Diane Stell has been involved in small groups for all of the 20 years she and her family have been part of Clear Creek Community Church. She’s learned from every group experience, and each has been different, but not quite as different as the women’s group she began leading in the spring of 2020.
“It’s been a total, complete, virtual, quarantine group,” said Diane, describing her fledgling small group.
The group began with only a few women right before the COVID-19 pandemic became a reality in the Clear Lake area this past spring.
Then, quarantine and stay-at-home orders put normal life on hold for everyone. As routines were suddenly upended, it became clear that meeting as a church was not going to be the same again for quite some time.
“As time went on,” said Diane, “I would get two or three or four requests a week for women wanting to join our group. So we moved to Zoom really quickly. Now we have ten members.”
Diane spoke with each person over the phone as their initial meeting to tell them what the group was like and give them the option of joining or not. Nobody turned her down.
“I think a lot of these people would not have joined the group if there had not been a quarantine,” said Diane. “I don’t even think some of them knew they needed group as much as they needed group. Everyone I spoke to just needed to be connected, and that’s what group is. God made us that way. The first thing out of pretty much everybody’s mouth was ‘I just need to be connected to other people that are like minded,’ of course that like-mindedness being Jesus.”
Most of the women who joined Diane’s group had never been part of a small group or Bible study of any kind. Diane calls it “the most diverse group” she has ever been part of. It is made up of women aged 30-64 with varying differences in parenthood, marital status, careers, race, and family and church backgrounds.

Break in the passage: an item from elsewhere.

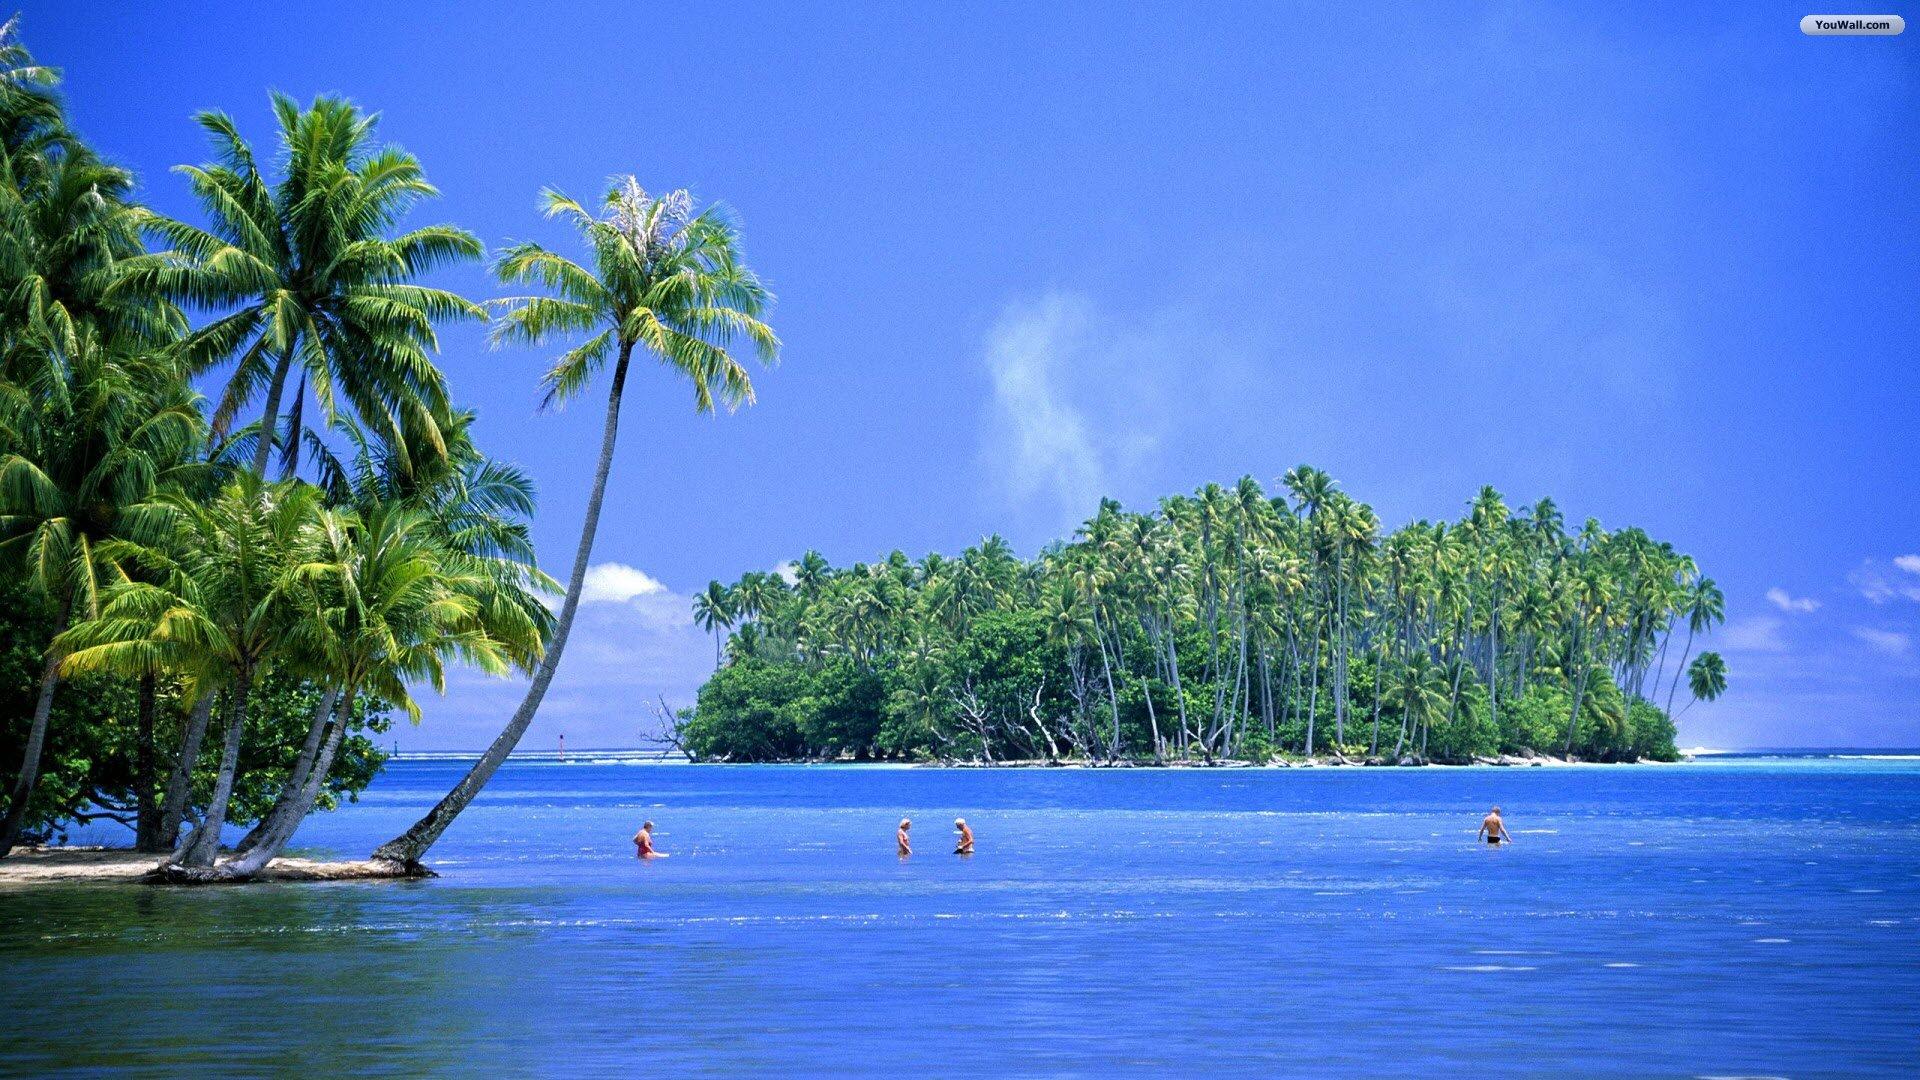 youwall tahiti blue sea wallpaper wallpaper,wallpapers,free 1920x1080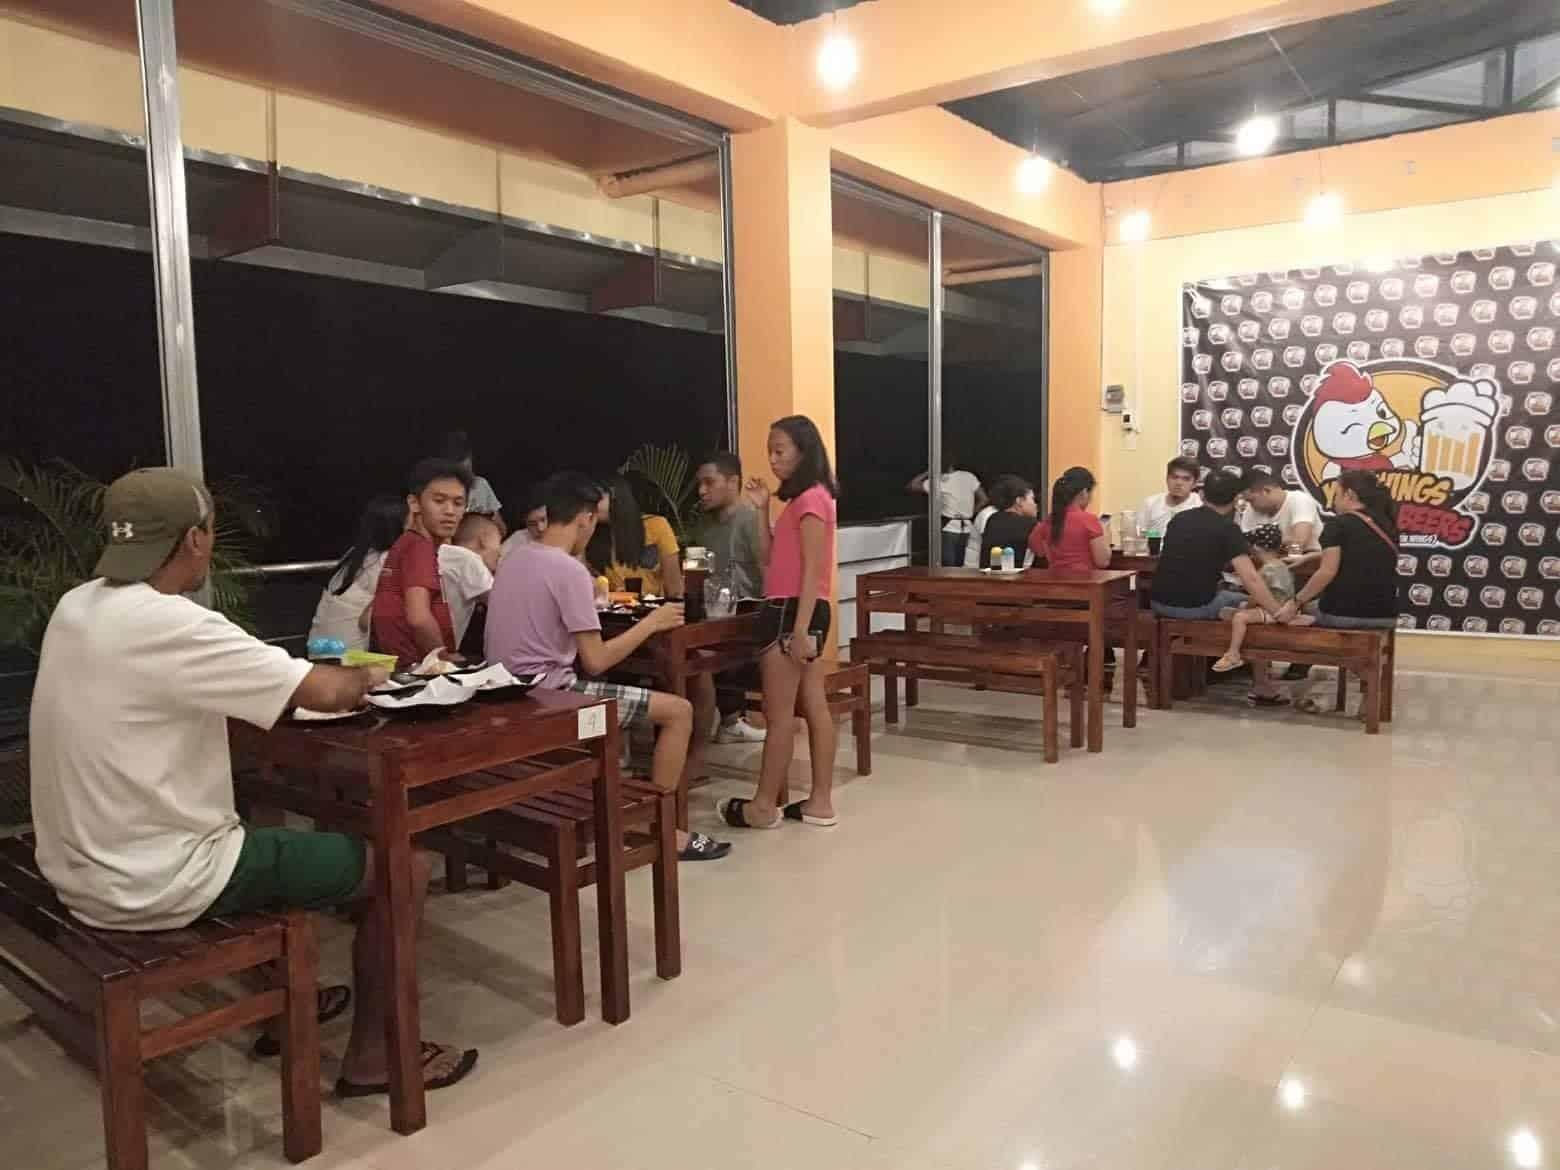 Yot Chicken Wings and Beer Unlimited Cebu (3)

“In the beginning, and this is typical of all groups, all you see are the differences,” said Diane. “But then very, very quickly, we bonded. And as we got to know each other I started seeing all the commonalities – how connected we are because of Christ. That’s the common thread that pulls us all together.”
In its short time together, this small group has experienced growth and unity in the midst of a difficult and ever-changing season, despite the fact that most of them have never met in real life.
“We’re just making the best out of a situation that’s not ideal,” said Diane. “I’m hoping that in the future we can meet socially-distanced.”
Even so, they’ve still managed to celebrate with one another. Recently, a member was baptized in an elder’s backyard pool. She shared the baptism video with her group and read her story of coming to faith to them at their Zoom meeting the following Tuesday night. It was a special moment they shared together.
Diane has been intentional about doing virtual game nights as well as Bible study. She’s done porch drop-offs for people needing a little encouragement, and group members call her and each other regularly to check in or just to talk and pray together.
“You can still do so much!” she said. “There’s some hard stuff going on. I feel like the group has really helped each other and been what we’re supposed to be as far as being a support for each other.”
For Clear Creek, small group has always been the physical anchor to the church — the way to know and be known by one another. Even though the in-person connection is absent from their meetings, Diane said there has not been much connection lost.
“In some ways it’s easier for people to meet this way — not having to get a babysitter, not having to ‘dress up,’” she said.
For the most part, Diane sees this group much like other groups she has led in the past. They have their ups and downs, their high moments and imperfections. But group now, during this especially strange time, is a special respite away from uncertainty and a step back towards what matters most.
“I’m really grateful for this group,” said Diane. “I’ve loved all of my groups, but I have a special heart for this one. It grounds me. It causes me to want to be closer to God. It’s changed my expectations of people in a good way. I’m having a softer heart and giving people more grace on certain things where before I’d be a little nitpicky.”
As Clear Creek gears up for Group Link in a time of uncertainty, Diane hopes people will remember that small group is still what it has always been.
“I have lots of Christian friends,” said Diane, “but group is different. Group is intentional. Group is prayer. Group is Bible study. Group is connection. Group is supporting each other.”
And she believes that being part of a small group now is “absolutely crucial.”
“I have witnessed just how much difference it’s made, having that connection,” she said. “While I think that’s true always, I think it is particularly true now. If this virtual connection is all we have, I’m so grateful we have it. God created us to be in community. It’s what’s good for us. It’s what’s best for us.”